A presentation by Talbot Mills to the Labour Party conference last weekend landed in the NZ Herald’s inbox soon after Ardern claimed on Monday morning that Labour’s internal polling had National and Labour on equal footing. The October poll did indeed have both at 35 per cent.
But the presentation would have made a good Halloween horror flick for the party faithful.
The longer-term trends showed the creeping horror of Labour’s gradual but relentless loss of its grip on power since mid-2021.
A graph showing the balance of power since the 2020 election showed Labour maintained majority support in polls until July of 2021. For six months after that, it could have governed with the Greens. Then in March 2022, it lost that advantage – over the long winter of 2022 it would have needed both the Greens and Te Pāti Māori to govern. Then it lost that too. From September National and Act have been in the box seat.
The Curia poll shows a very similar trend.
Another table highlighted what voters considered the biggest issues of the day in different election years. Housing, the economy, and poverty are the staples.
The cost of living was third in 2011 and did not feature at all in 2014, 2017 or 2020. It is now the top issue and the economy is second.
Attempts to ameliorate the pain by pointing out other countries are finding it even harder will have little impact – the voters live and vote here.

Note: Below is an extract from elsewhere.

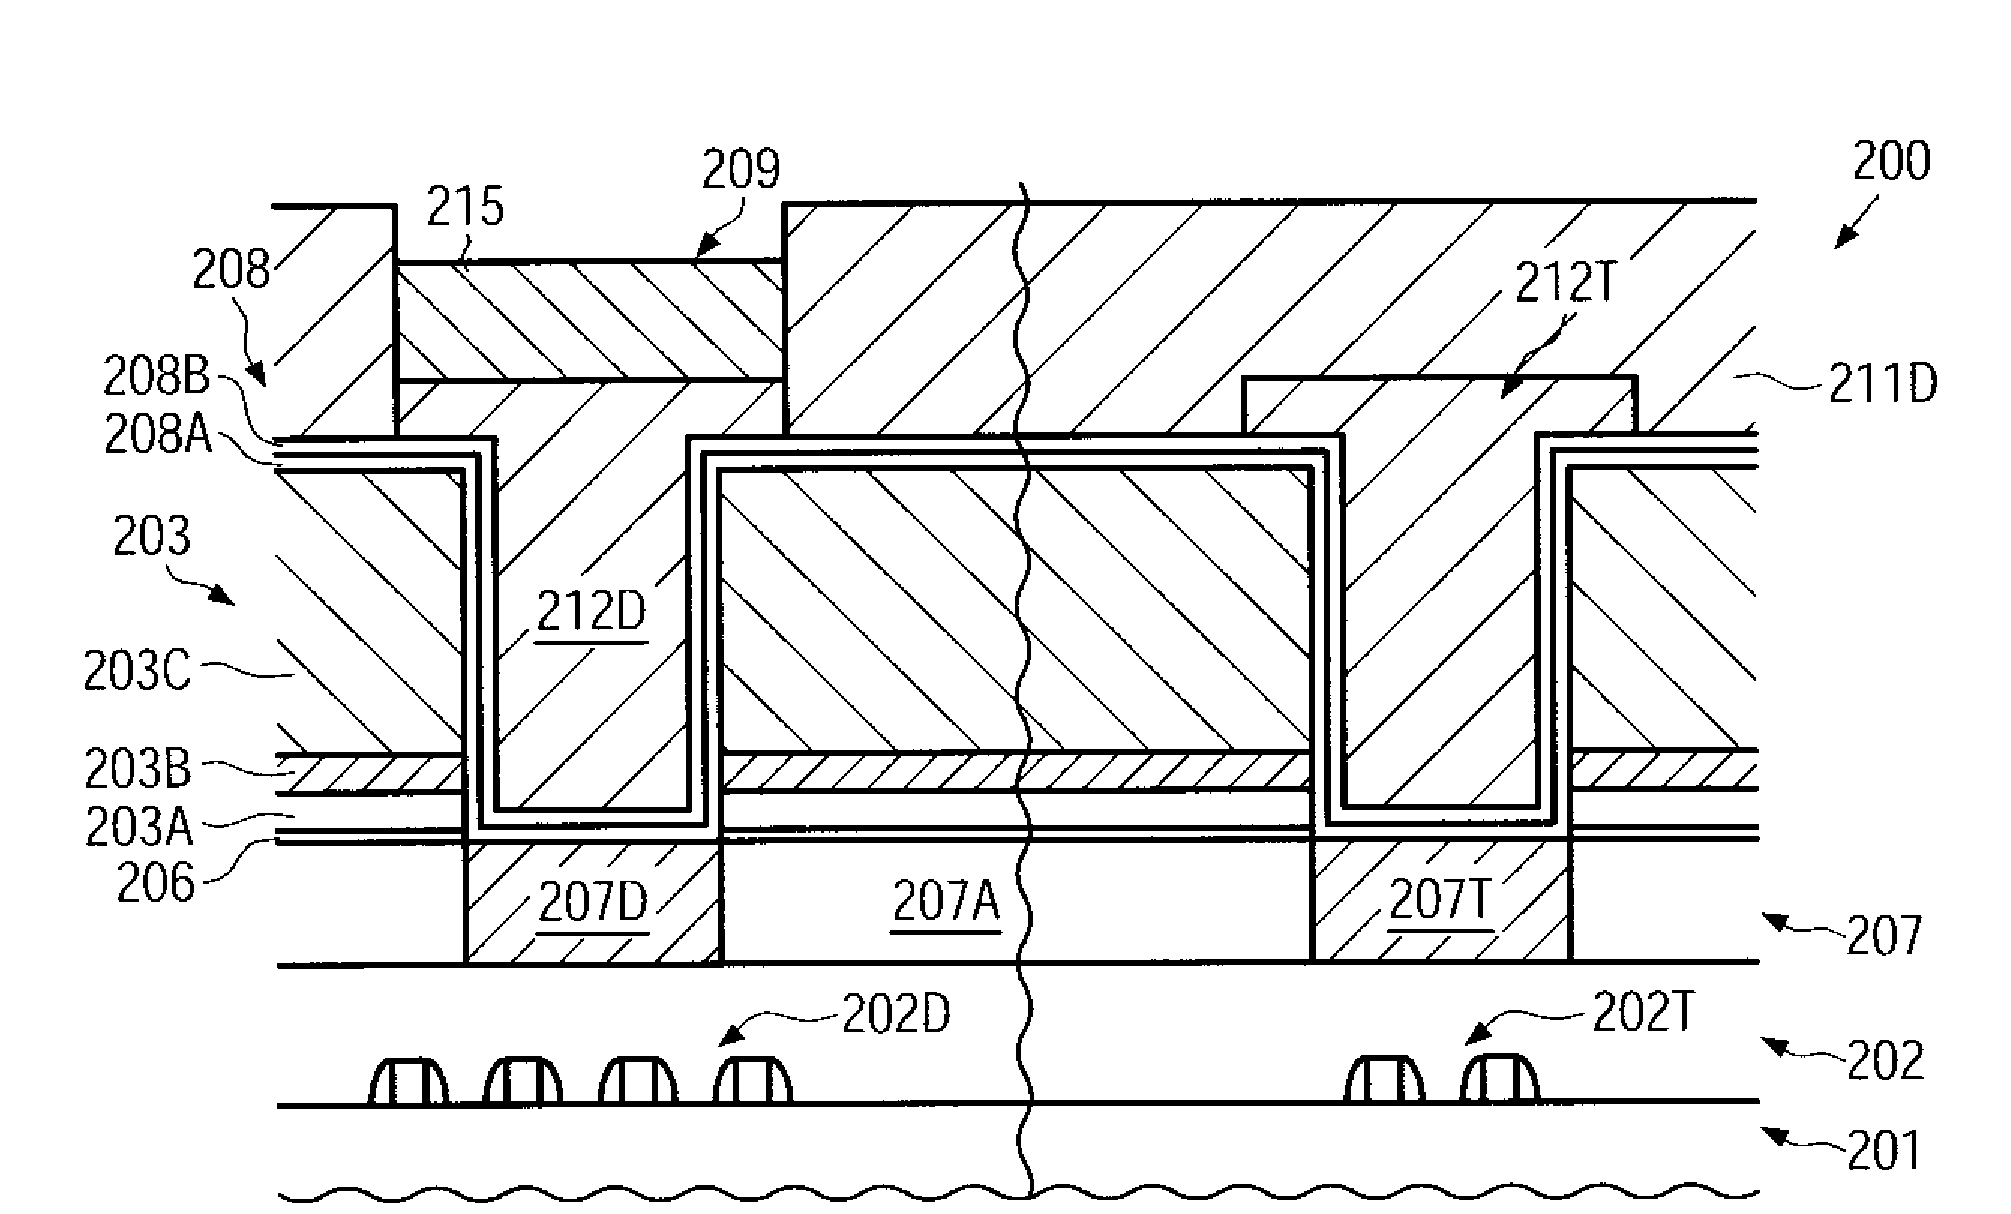 Semiconductor device including a die region designed for aluminum-free solder bump connection and a test structure designed for aluminum-free wire bonding

Given the cost of living and economy are the top issues for voters, the numbers that deliver the worst news for Labour as it faces the next election were in the graph showing which party was considered best at managing the economy. Labour took ascendency for a brief period in 2020 - but now almost twice as many people believe National is best at 47 per cent to Labour’s 24 per cent.
The bluntest lesson – or solution – for Labour came in the Reid Research poll, in which an overwhelming 85 per cent of people supported a tax-free income threshold.
Labour has not ruled out some tax cuts in its 2023 policy – and Ardern’s observation that a tax-free threshold did at least deliver the same to those on low incomes as high incomes may or may not be a hint about what it is looking at. It may be Labour’s only hope.